Not a day goes by these days without someone commenting that the market is ripe for a correction. After all, the economy as we see it through our eyes is worse than at any point we have come across in the past and yet the stock market is rocking. It’s a conundrum that is confusing the best of investors.
The Nifty 50 PE ratio which is seen as more representative than the BSE Sensex PE ratio is now at an all time high. The Sensex PE Ratio while not at an all time is currently around the same level where we saw it in January 2008. But the consensus that one comes across seems to suggest that looking at PE ratio is faulty since the drop in earnings which has subsequently boosted the Price to Earning Ratio is a one off due to the compulsory closure of much of the country in Quarter 1 of 2020. The impact of this quarter’s damage will get wiped out in years time, but the question is where will the Indices be by that juncture.
This dichotomy between stock markets and the economy is not being seen only in India. In fact, S&P 500 – the barometer stock index in the United States made a new high this week. This while even the US is suffering immensely from the damage caused by Covid. This from a New York time post
“The Federal Reserve Bank of New York’s weekly economic index suggests that the economy, although off its low point a few months ago, is still more deeply depressed than it was at any point during the recession that followed the 2008 financial crisis.”
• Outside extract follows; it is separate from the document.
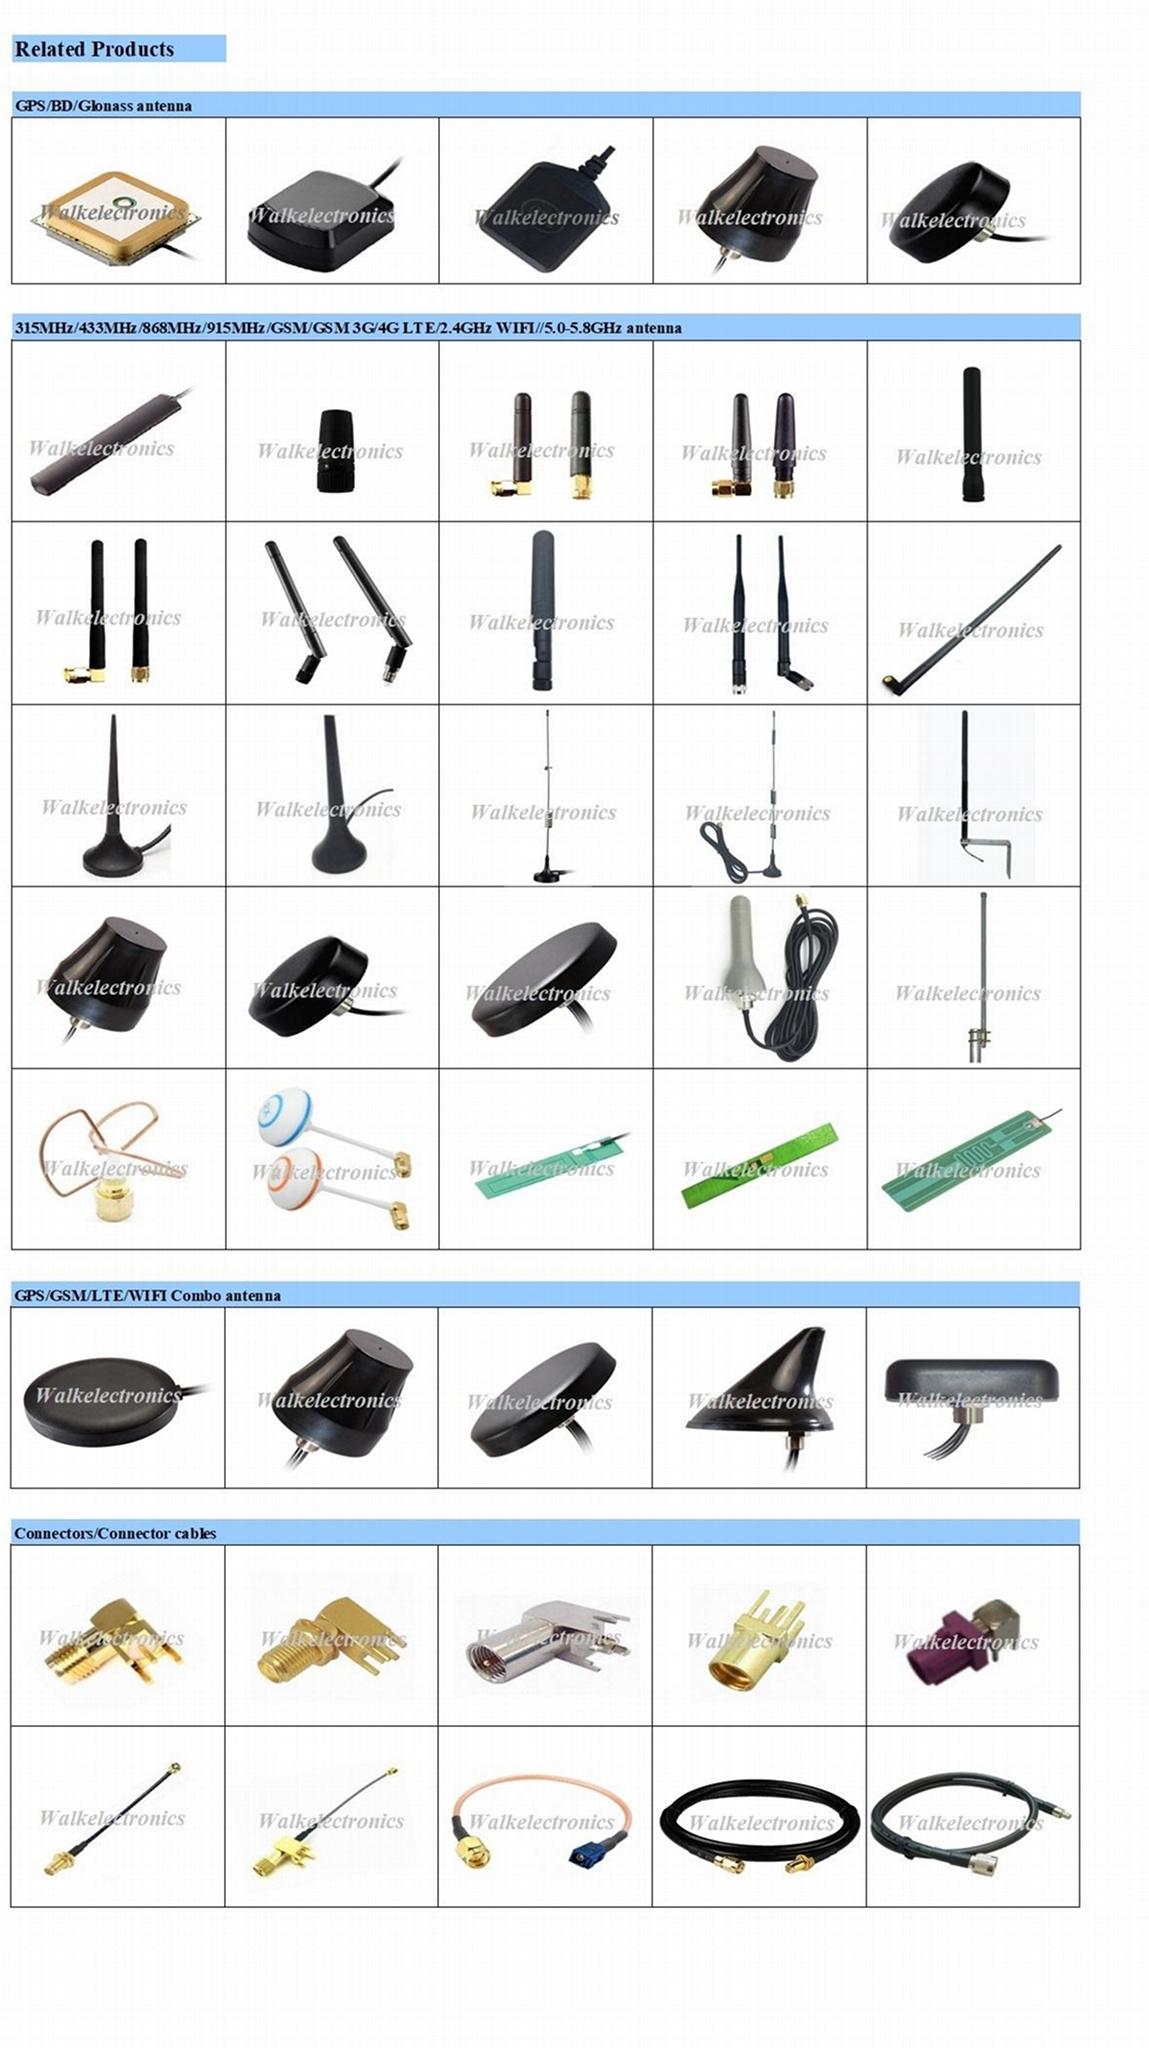 160mm 5dbi high gain omni directional SMA flexible gsm 3g 4g lte rubber antenna 3

While Robinhooders, the moniker attached to small retail investors who trade through the RobinHood Application has been blamed for exacerbating the relentless rise, the fact remains that we, the small retail investors are generally the weak hands. Yes, once in a while we get it right while the highly paid Institutions get it wrong, but for most of the time it’s the opposite.
Since November 2013, we have seen just 3 months where Net Equity Inflow was negative for Mutual Funds. The first was in March 2014, next came in March 2016. June 2016 was another negative month but could be ignored given that outflow was just 45 Crores. The last outflow has come in the last month – July 2020.
The question that needs to be asked is if smart retail is turning out to be ahead of the crowd. The reason for using the smart prefix is because even in July, we saw Inflows of 14 thousand Crores. It’s just that more money was withdrawn resulting in Net negative for the month.
Between the months of January 2008 to March 2008, Mutual funds saw an inflow of around 24000 Crores. Rest of the year basically was flat even though markets kept getting cheaper. In fact, the biggest outflow for 2008 was in October when markets hit its lowest level. On the other hand, when markets recovered, retail started to sell back with total net outflows between September 2009 to October 2010 being to the tune of 24000 Crores. Nifty though did not waver much as it continued its upward journey.
Nifty has been on a major uptrend since 2009 and yet for anyone who has been invested for the last 7 years, returns have been suboptimal leading one to wonder that with all the problems that surround us, are we better off with a lower exposure today than before.
The question hence is where we do go from here. I wish I knew the answer. On one hand there have been serious reports suggesting that we may be on the cusp of a new bull run. While it may not be to the tune of the 6x Nifty saw between 2003 to 2008, even a doubler in next few years may be much more than what many seem to be anticipating at the current juncture.
On the other hand, there is the economy and all the dire calls about how the ballooning of the Federal Balance Sheet means that we don’t have as many bullets as we had earlier. But this has been heard of before. A perma bear in the US projected in 2011 a best case upside of 3.4% for S&P 500 and worst case being negative returns. The reality turned out to be a CAGR of nearly 14%.
Having said that, even a broken clock can be right twice a day and it’s possible that markets may have found a new peak from where the only path is downwards. To get a better estimate other than valuations, I have been working on what I call “Weight of Evidence” Indicator. Basically it’s a Indicator build using a combo of Trend, Breadth and Sentiment Indicators. The Indicator as of now moves between the range of -7 to +7 and currently stands at 5.
What is interesting is the future returns when the Indicator is at a certain level. We moved to +5 this week. In March of this year, it was -5. The table below outlines the average one year return and the number of times the indicator has reached those levels (Weekly data points, Time frame being 2005 to 2020).
Not surprisingly we can see that when the Indicator is extremely negative (-5 to -7), the future returns are strongly positive. But markets have been there for only 7% of the time. On the other hand, the next best set of returns are when the Indicator is between 4 and 5. Basically while on the negative side, Markets are mean reverting, on the positive side it seems that momentum begets momentum.
Of course, as the data also shows, this indicator has its fair share of failures. When it has reached 5, only 75% of the time has the market been positive at the end of year 1 from that date while 25% of the time it has ended in losses.
One of the things I have learnt in my years in the market is that the upside generally is a surprise even to the most bullish analyst. Buying when blood is on the streets is a great philosophy, but as even Buffett actions recently showcased, it’s not easy to buy especially when the cost of failure can be very high. Buying when the coast is more clear could be a better strategy for those who missed out on the earlier opportunities.